§ **Work item**
The whole listing needs to be written out exactly, except for any images.

§ **Information shown**
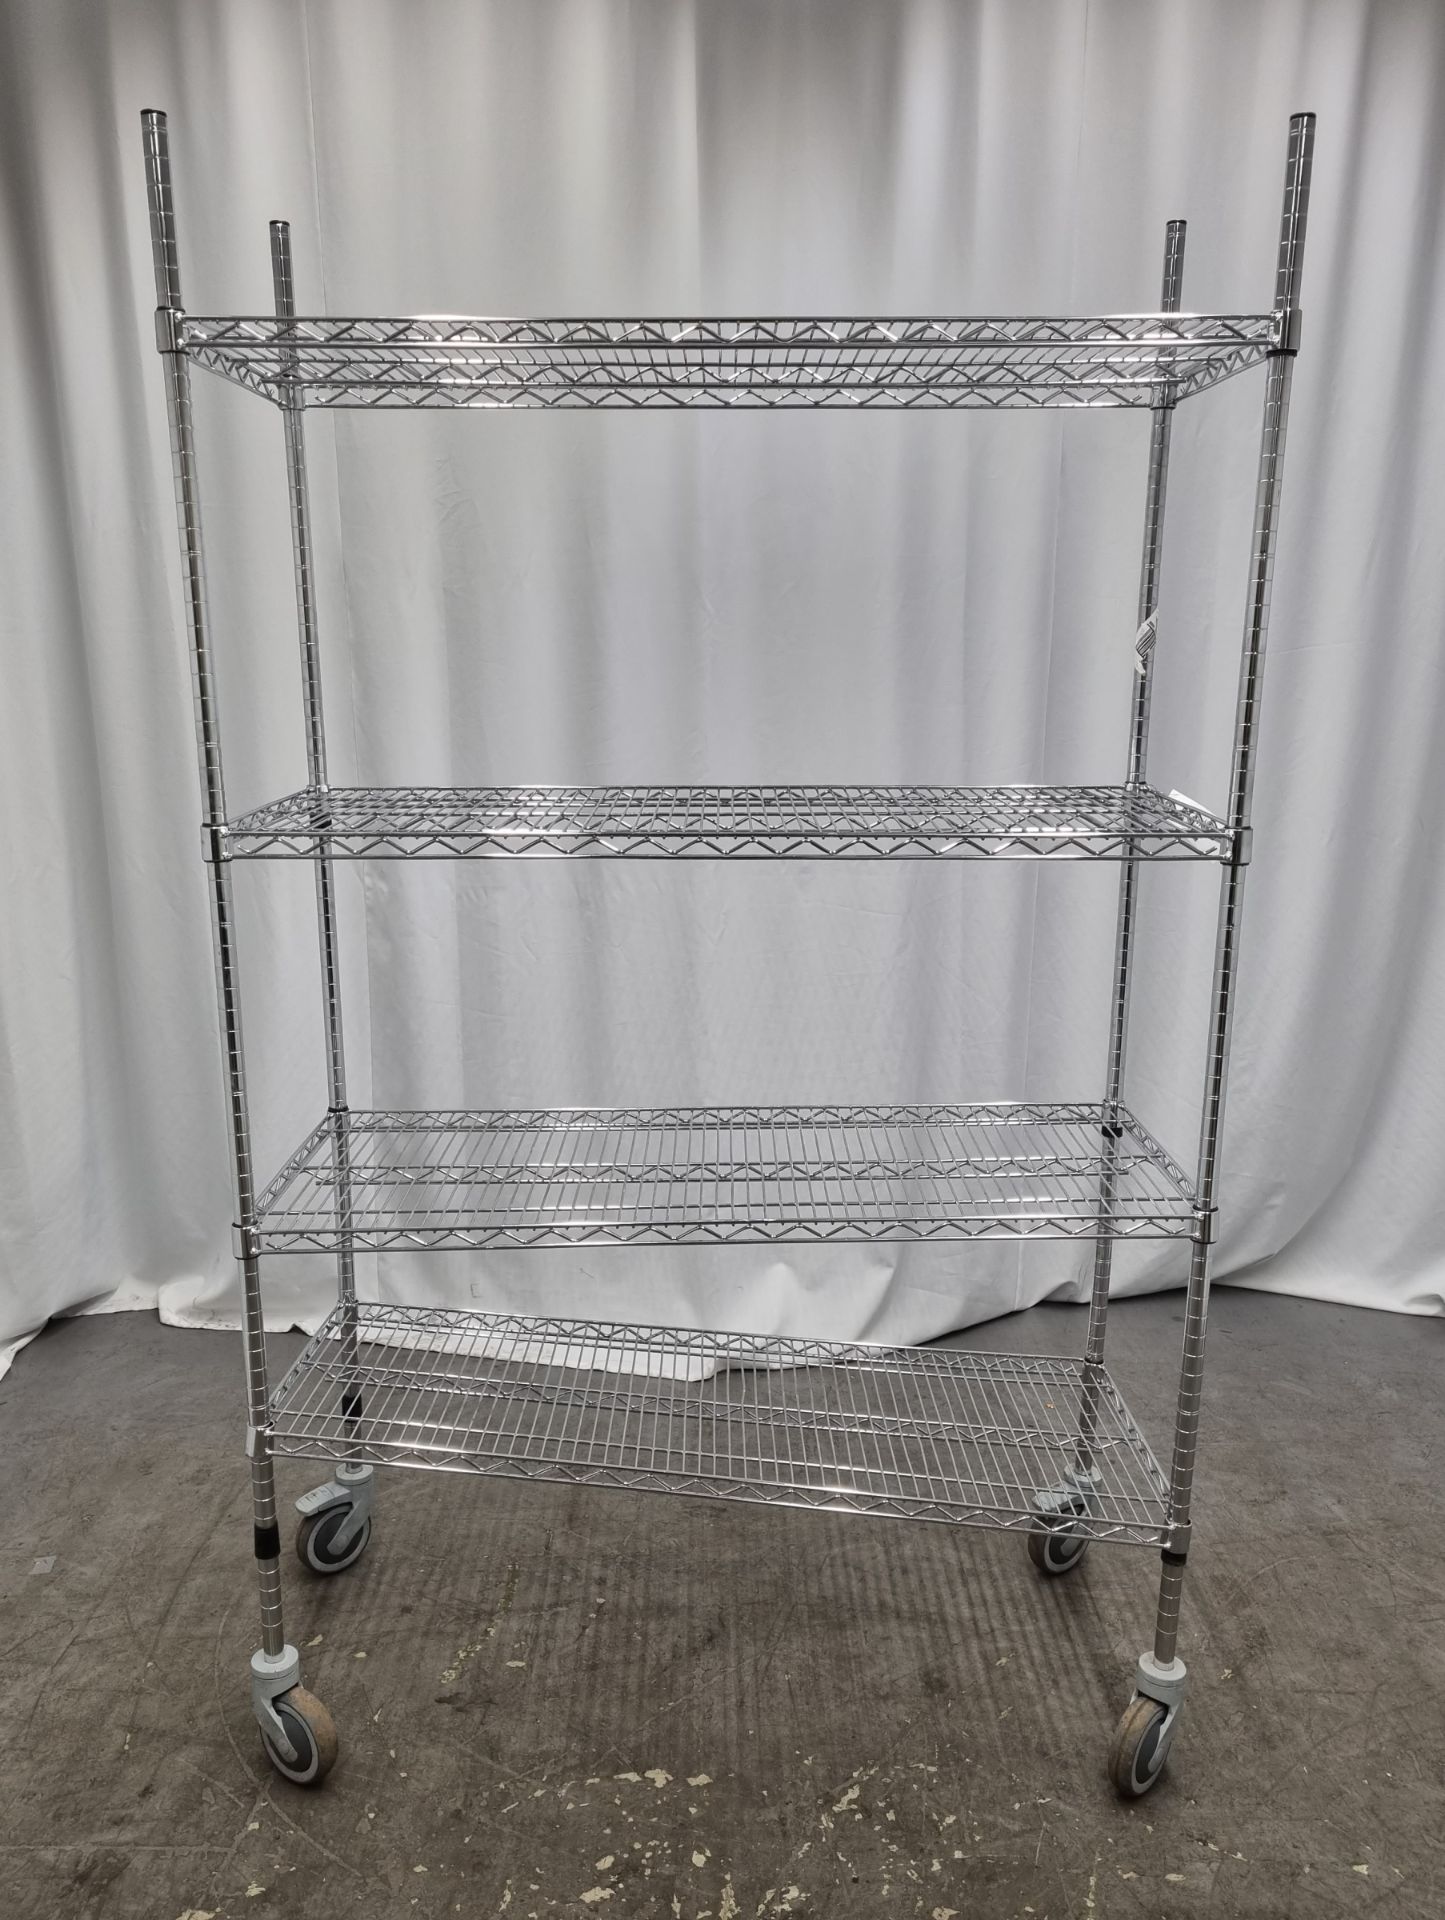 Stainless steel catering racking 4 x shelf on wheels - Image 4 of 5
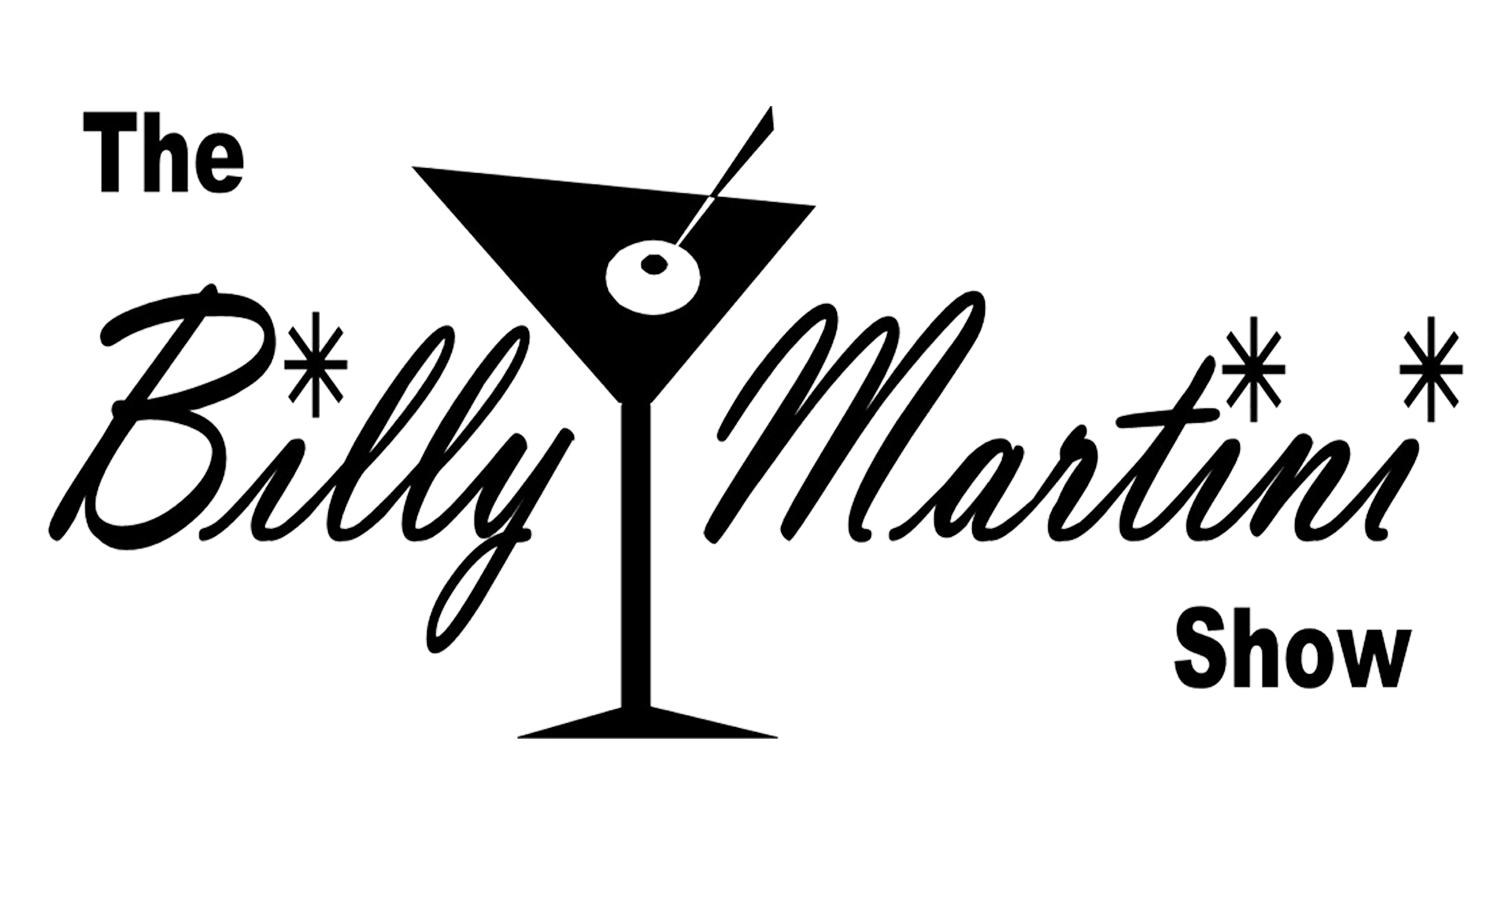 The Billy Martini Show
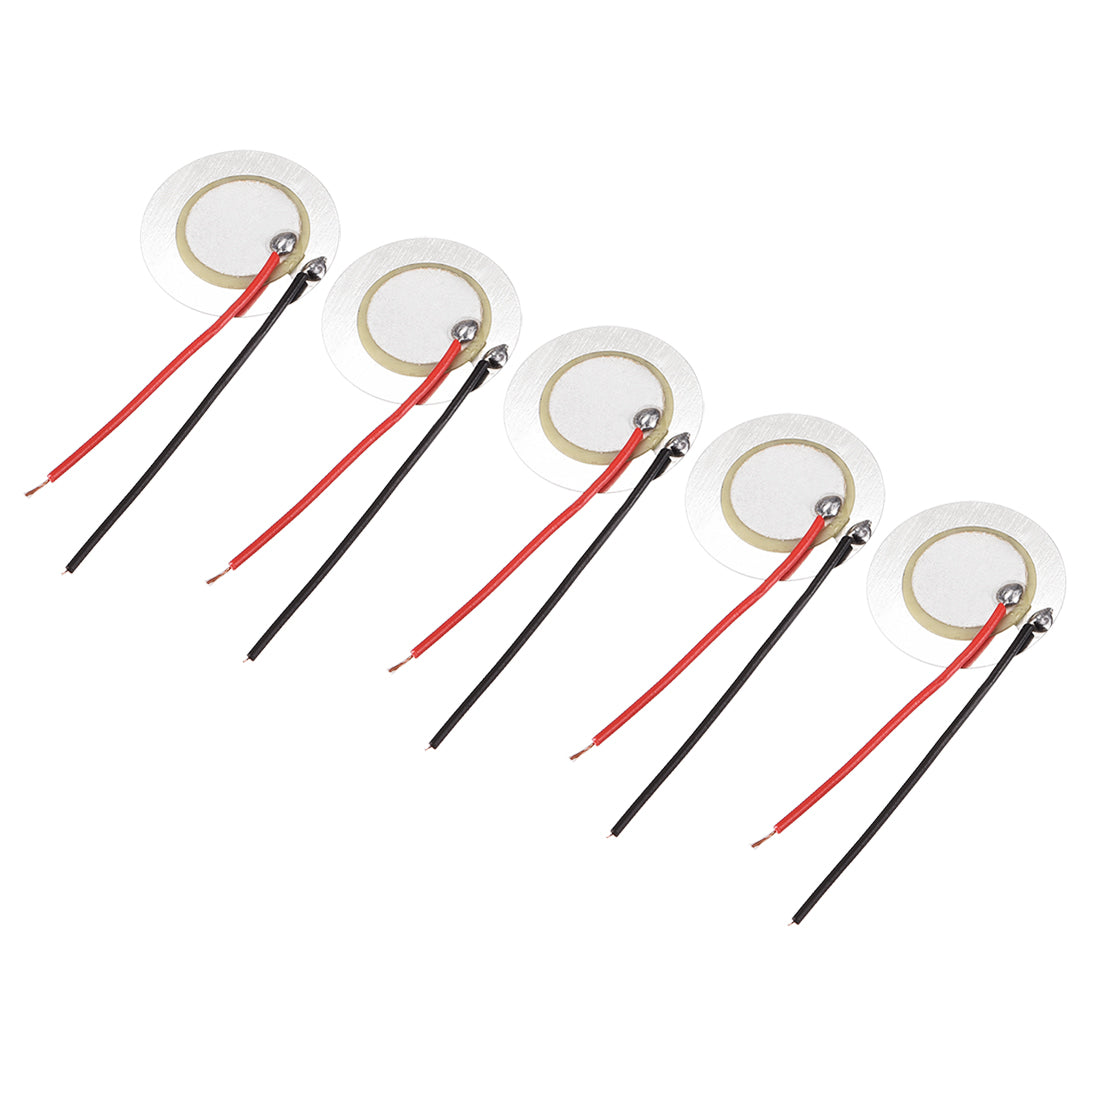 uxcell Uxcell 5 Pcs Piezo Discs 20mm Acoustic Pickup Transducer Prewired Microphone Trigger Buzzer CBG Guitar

§ **Exercise result**
 Stainless steel catering racking 4 x shelf on wheels - Image 4 of 5
 The Billy Martini Show
 uxcell Uxcell 5 Pcs Piezo Discs 20mm Acoustic Pickup Transducer Prewired Microphone Trigger Buzzer CBG Guitar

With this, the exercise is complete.